A helpful start is to recognize the book’s structure—Leviticus uses a Hebrew literary device known as a chiasm. This means the “bookends” are the same, and working toward the middle are sections that mirror each other; the center is the climax or “main point” of the work. At the center of Leviticus is the Day of Atonement—the highlight of the book we’ll explore later—but the sections surrounding it establish the sacrificial system with the priesthood and point us to life-changing truths along the way.

Life Is Gift

Leviticus opens with different types of sacrifices and offerings. The practice may be bizarre to us today but was common in the ancient world. From Egypt to Italy, China to Mexico, and powerful civilizations to nomadic peoples, it was a staple of many cultures.

Why? In part, it was to publicly recognize that life is a gift—that we are dependent on the broader creation to receive life and sustenance. (Try going 40-plus days without food or water, and this truth will hit home quick!) Whether it’s the animal whose life is given, the fruit plucked from the tree, or the grain beheaded from its stalk, we must receive sustenance from outside ourselves, life from life given, in order to truly live.

And the proper response is gratitude.

Many of Israel’s sacrifices were simply ways of saying “Thank You” (such as the grain and peace offerings) and “I’m sorry” (such as the sin and guilt offerings). The fact that life is a gift can be hard for us to remember today. We get our meat neatly wrapped in plastic, cut into perfect proportions, clean and sanitized. We’re disconnected from the processes behind the scenes—from the sacrifices that have been made to sustain our life.

With this disconnected approach, it can become easy to live under the illusion that we are autonomous individuals who run on our own steam rather than creatures who belong to the creation that sustains us—and ultimately to the Creator from whom it has come. The most honest way to receive life is to acknowledge that it is given. Our lives are not earned but received; our breath is upheld by gift.

And the appropriate reaction is thankfulness.

The most honest way to receive life is to acknowledge that it is given. Our lives are not earned but received; our breath is upheld by gift.

When we deny this, we cut against the grain of the universe. Around the world, sacrifice was often at the center of community celebration. This was true for Israel as well. Her major national festivals (outlined in Leviticus 23-27) were organized by the priests, and sacrifice was at the center of their labors. The people would come to offer their sacrifices, celebrating who God is and what He had done in their history.

Then they ate the meat. This may seem too obvious to mention, but some people seem to think animals were just killed and then tossed in the trash. For Israel, however, the bulk of the food wasn’t thrown away; rather, it provided for the Levites (the tribe of priests, who didn’t own land) and for the nation’s celebrations (massive festivals that would last for days on end). Community formation was in view—the Israelites were to be a people characterized by humility and gratitude before their King.

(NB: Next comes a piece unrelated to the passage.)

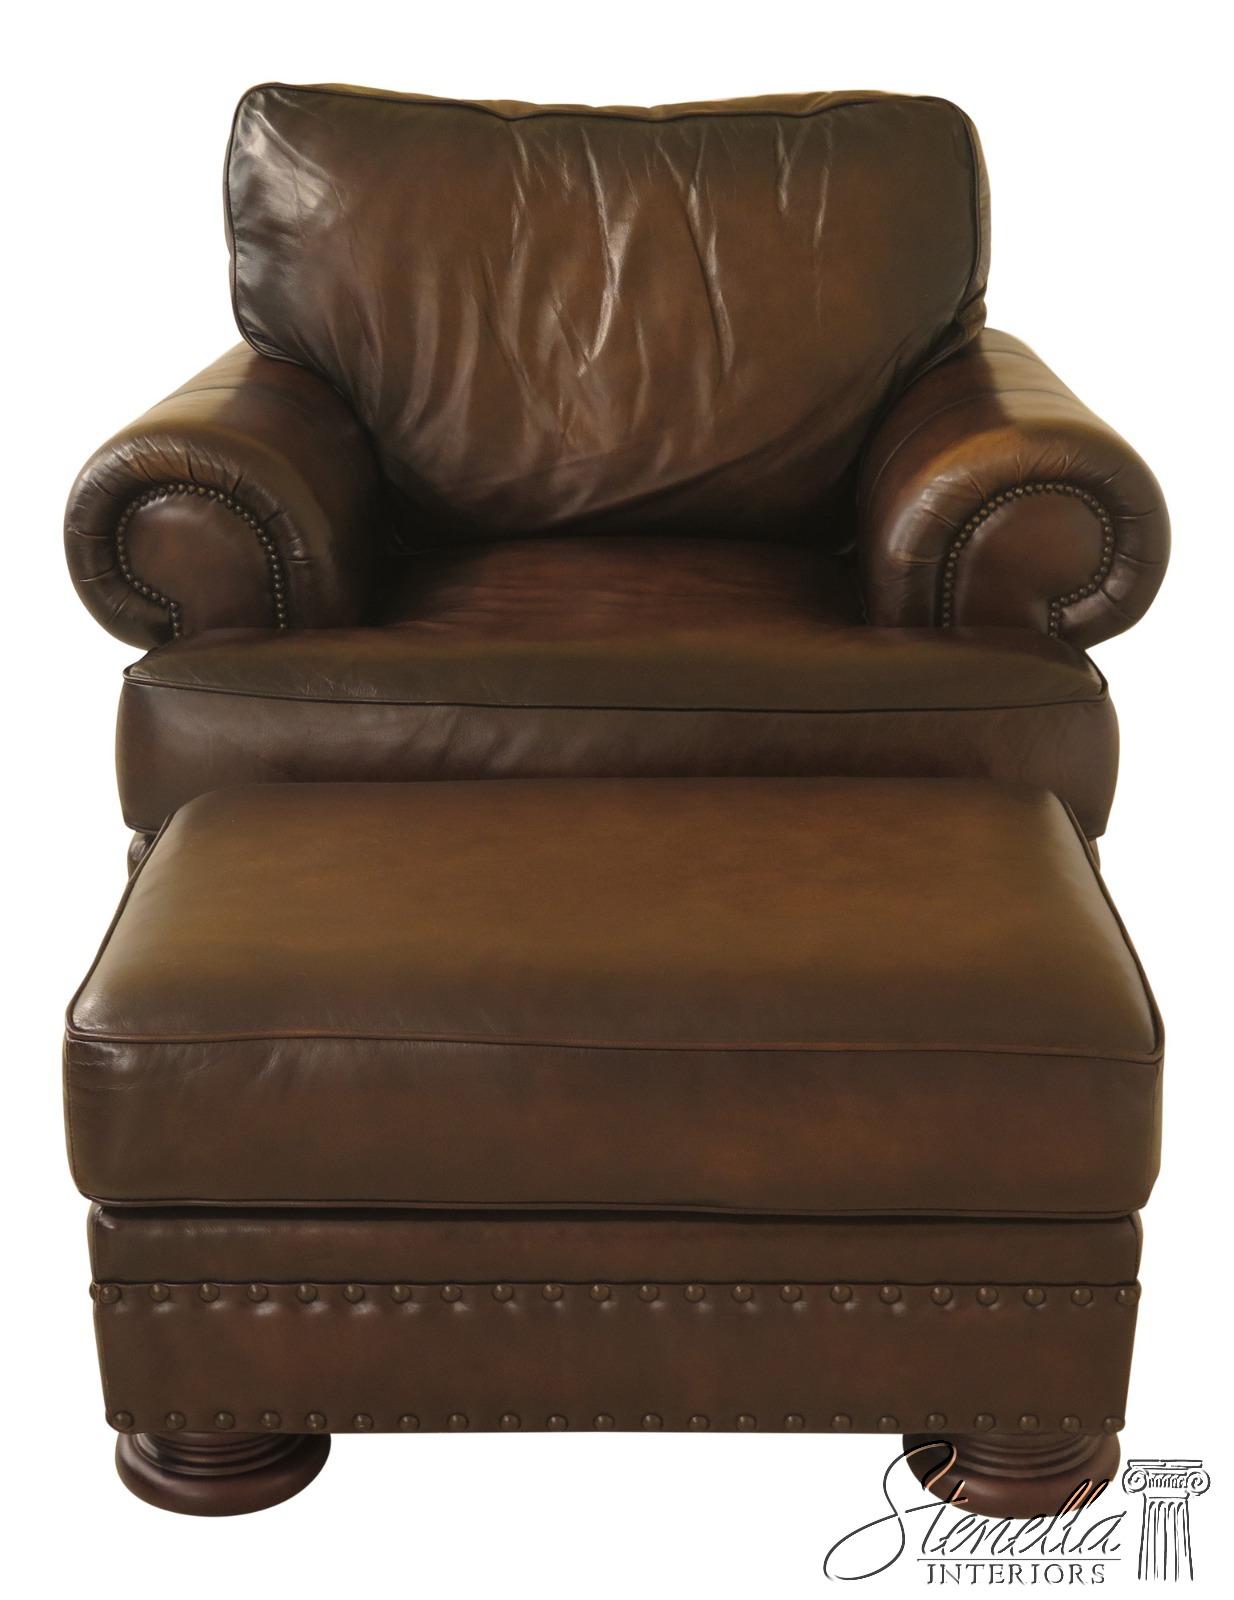 Cool Details About 30782Ec Bernhardt Oversized Leather Club Chair Ottoman Alphanode Cool Chair Designs And Ideas Alphanodeonline

I think I got a sense of this once, attending an indigenous ceremony in which gratefulness was publicly expressed for the lamb that was about to become the shared meal. Laying her hands on the young sheep’s head, the elder spoke a prayer of thanks for the provision the animal was about to bring. Far from devaluing the creature, the ceremony added a sacred significance to its great worth in giving its life for the community.

Today, we as the church are also a community gathered around sacrifice—the greatest act of self-giving our world has ever seen: our Savior’s death on the cross. Jesus unveils, in an even more profound way than the animals of old ever could, that we are not able to manufacture life from within ourselves. Rather, we must receive it through the grace of His life, given in order that we might truly live. Around the table of His body broken and blood shed—the Lamb once slain (Heb. 9:28)—we gather in celebration as a community, to say “Thank You” and “I’m sorry” to our God. It’s here we discover most fully the extent to which life is gift: His life is gift, freely given.

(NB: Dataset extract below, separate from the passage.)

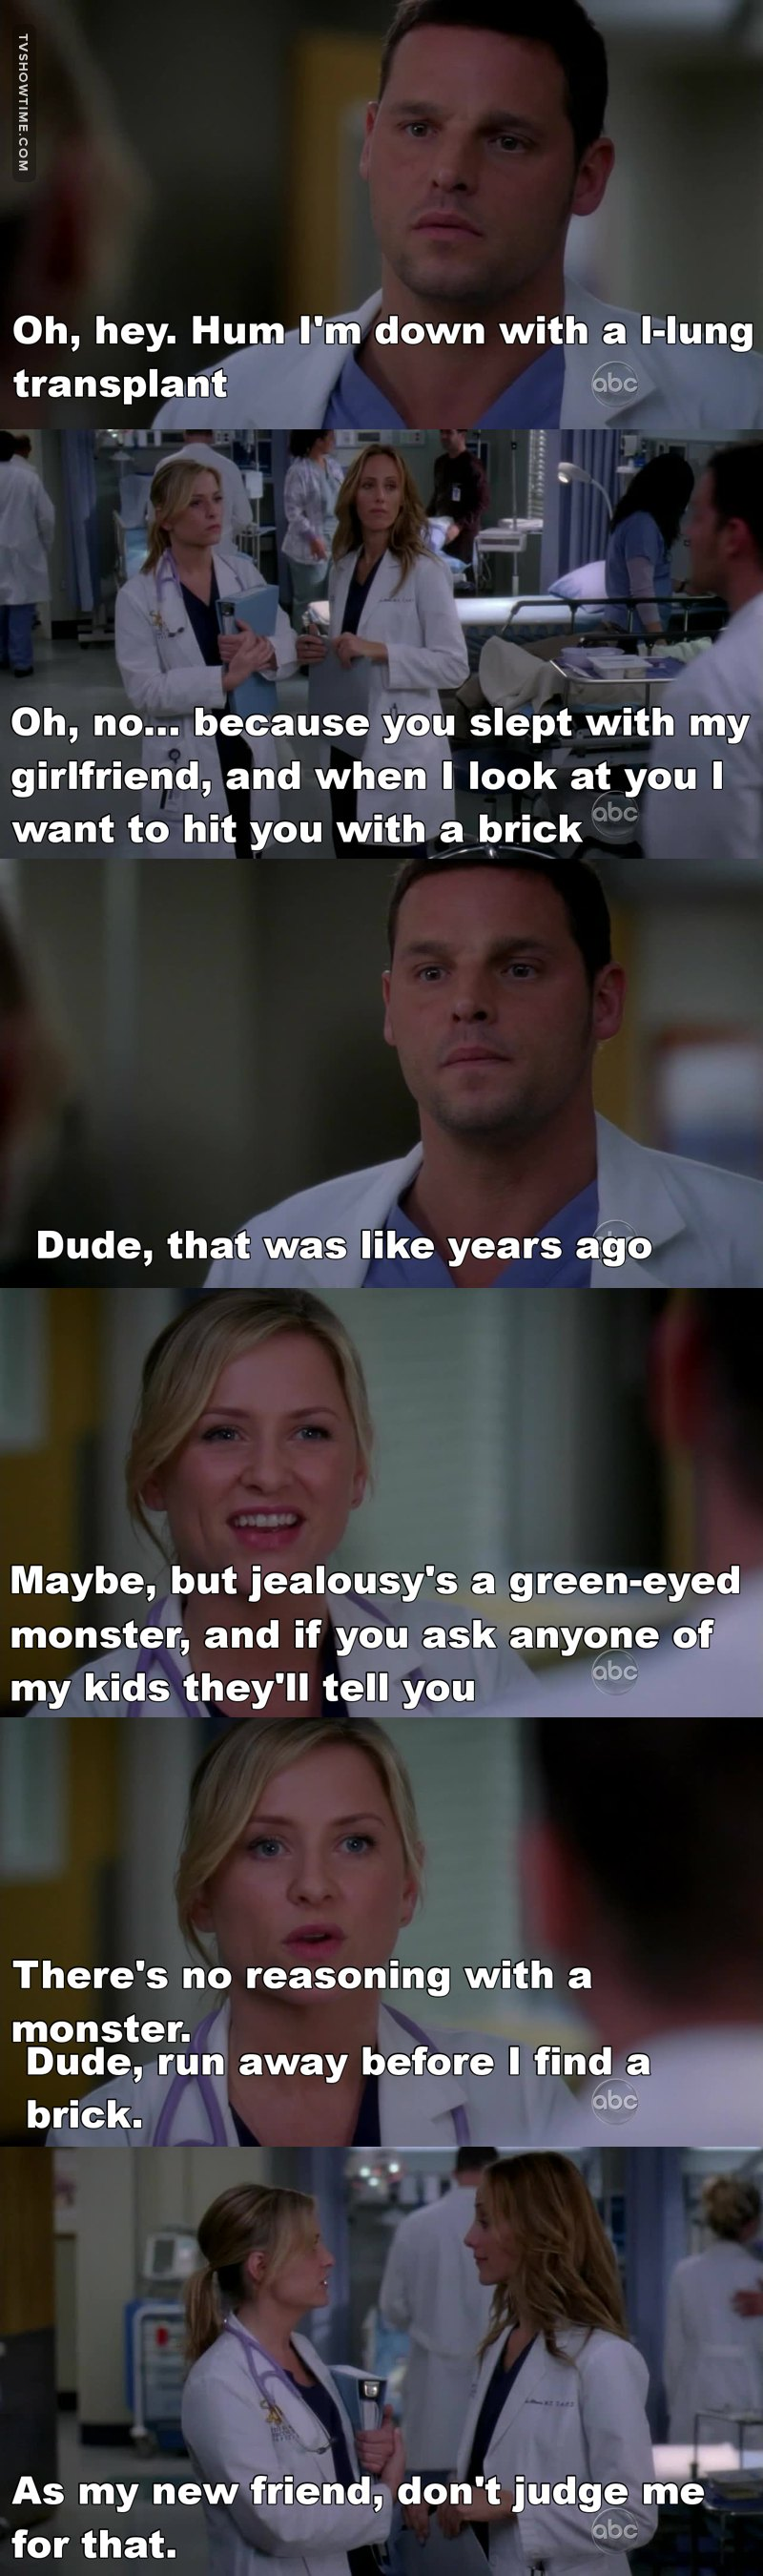 This scene made me laugh so hard I love Arizona

And the proper response is gratitude.

Soaking Up Death

The next section of Leviticus (chapters 8-10) focuses on the priesthood. God appointed one of the 12 Israelite tribes, the Levites, to be priests—mediators between God and His people. The name of the book, Leviticus, actually means “book of the Levites,” as it’s centered on this priesthood of Israel. The Levites were in charge of the sacrificial system and the place where it was centered: the tabernacle in the wilderness, and later the temple, where God’s holy presence dwelled amidst His people. There were specific rules of conduct for priests (Leviticus 21-22, the mirroring section), setting them apart as holy to minister before the Lord.

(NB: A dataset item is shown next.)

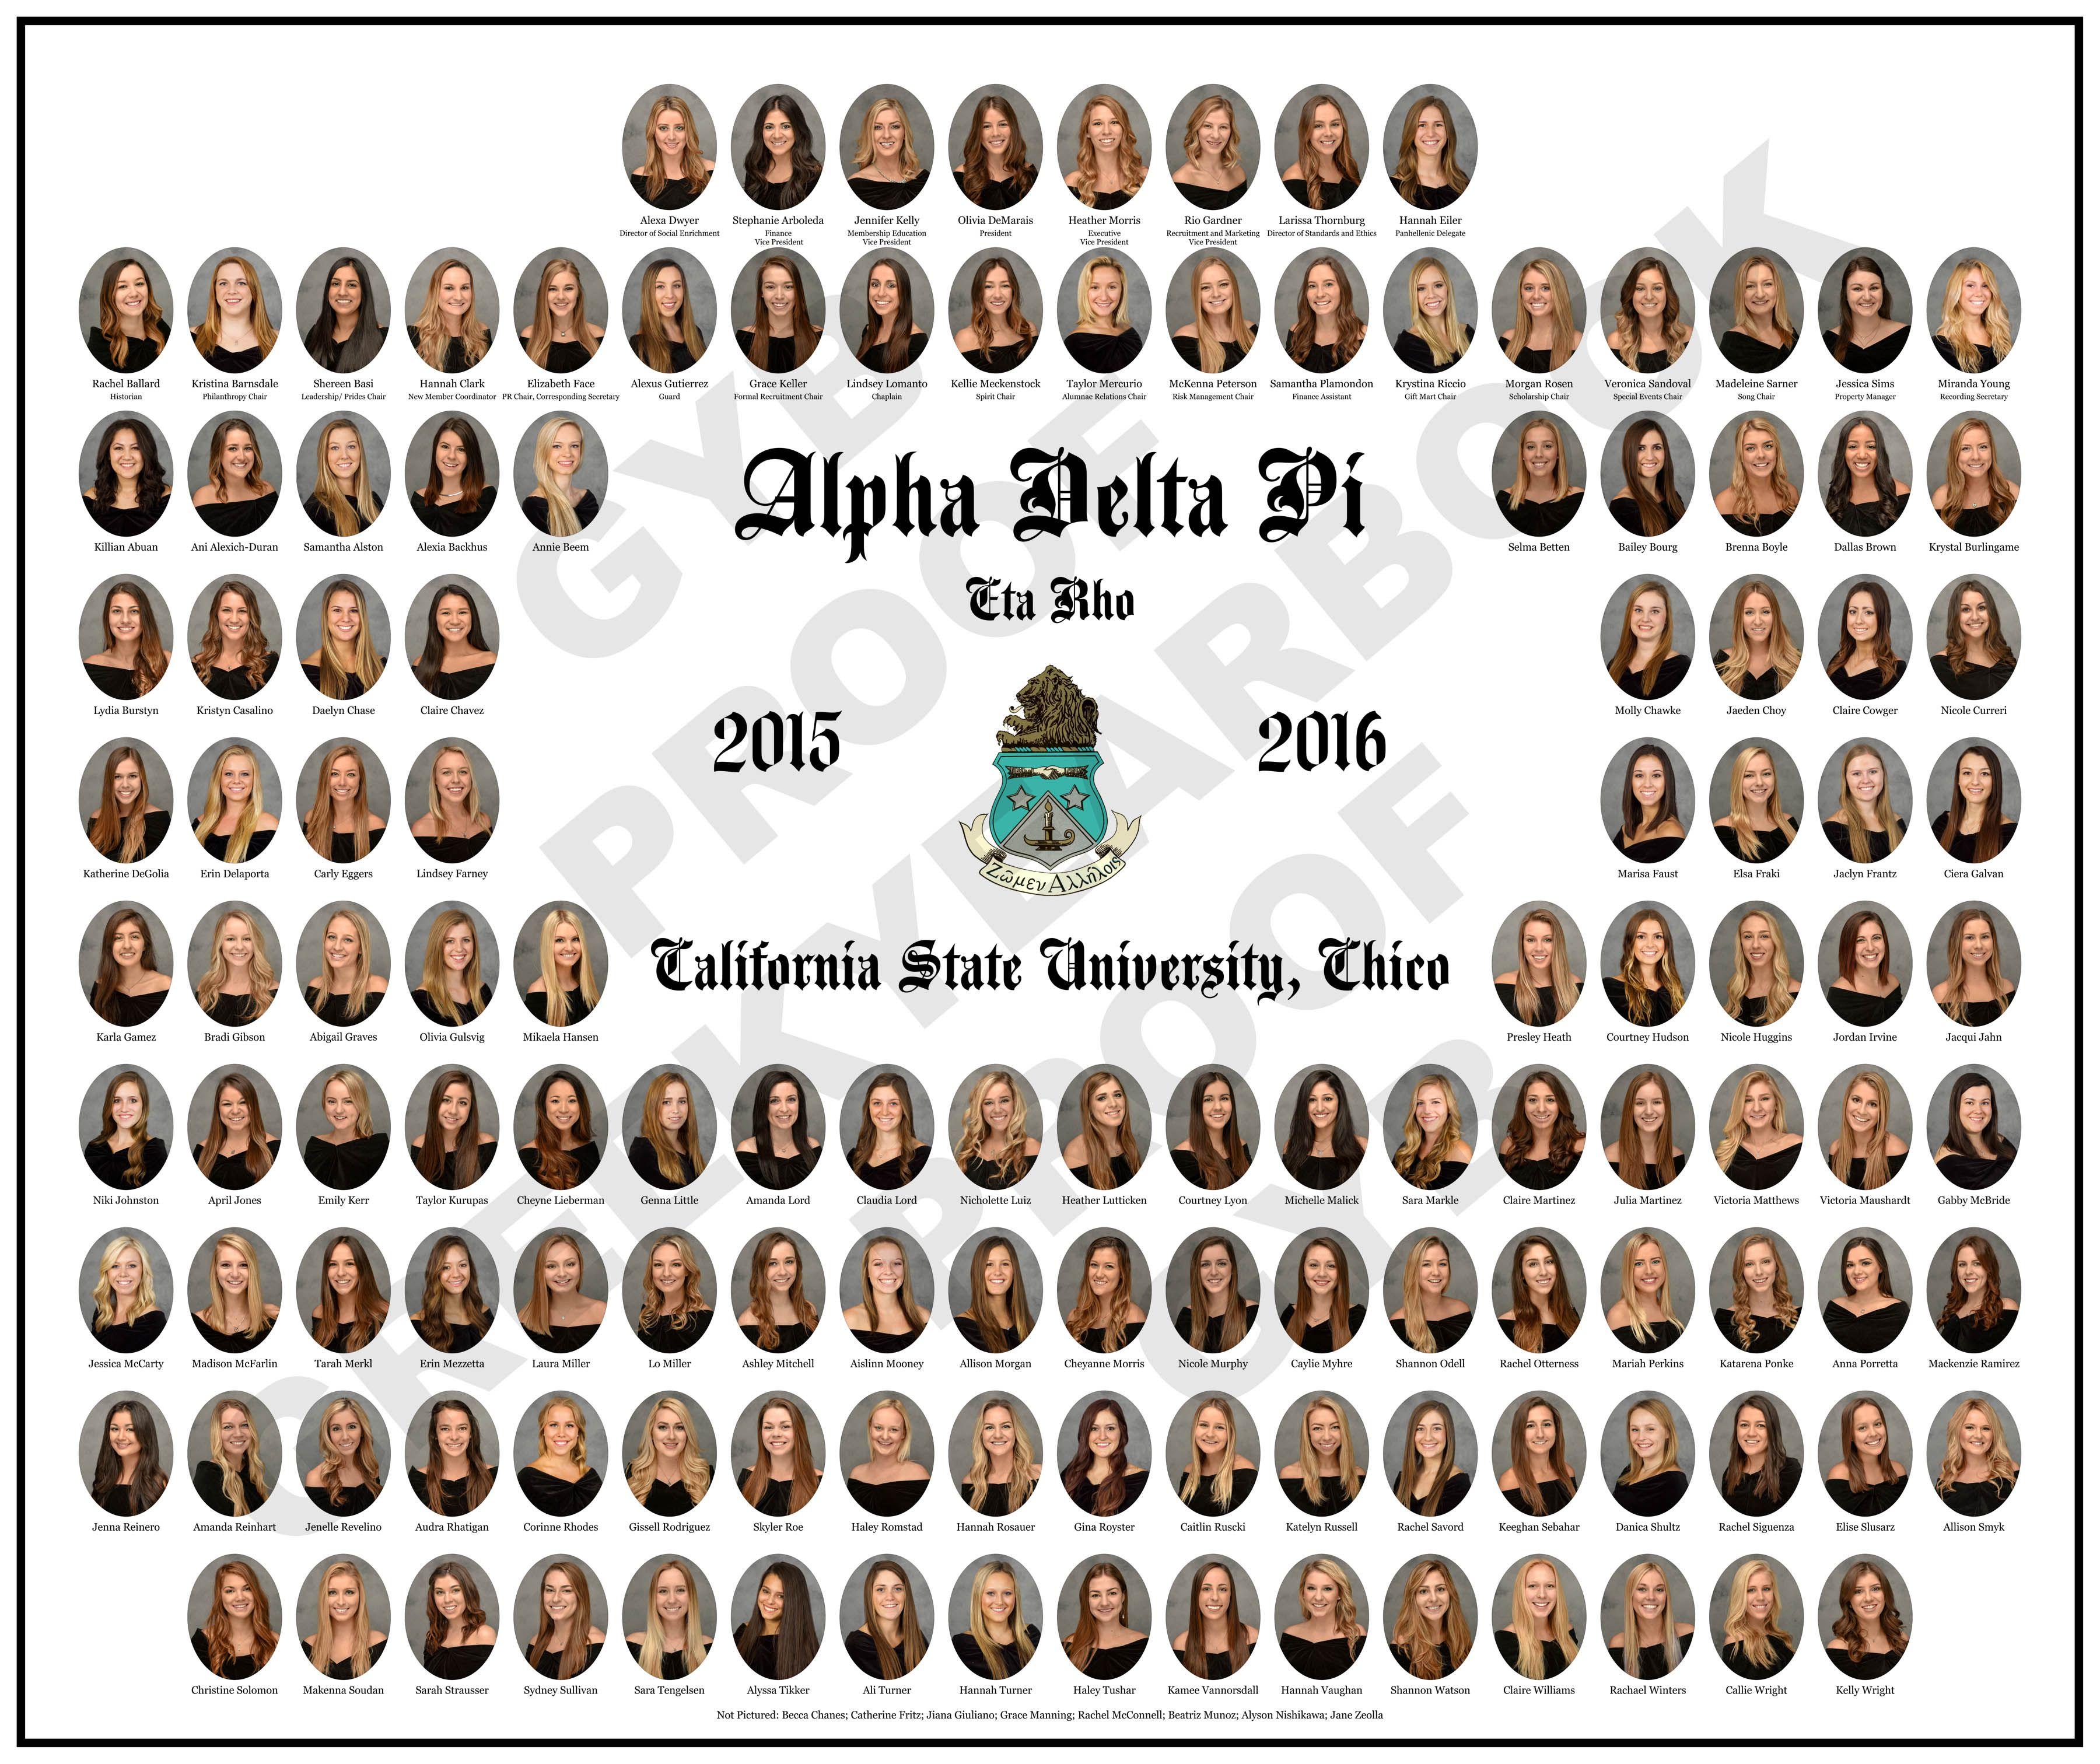 CSU Chico Alpha Delta Pi | GYB Composites & Portraits | Pinterest ...

The third section of Leviticus focuses on purity. Israel’s sacrificial system was set up to deal with two types of impurity, or uncleanness. For the first kind—ritual impurity (addressed in chapters 11-15)—you could become unclean by touching dead bodies or being in contact with things such as mold, skin disease, or bodily fluids.

This didn’t mean you’d sinned or done something morally wrong per se—it’s not as though you killed someone or robbed a bank. We tend to think of this kind of impurity as arising from misdeeds, but in fact it emphasized something different: The problem was being in contact with things associated with death. Such things could transfer their contamination to you because, unfortunately, death spreads.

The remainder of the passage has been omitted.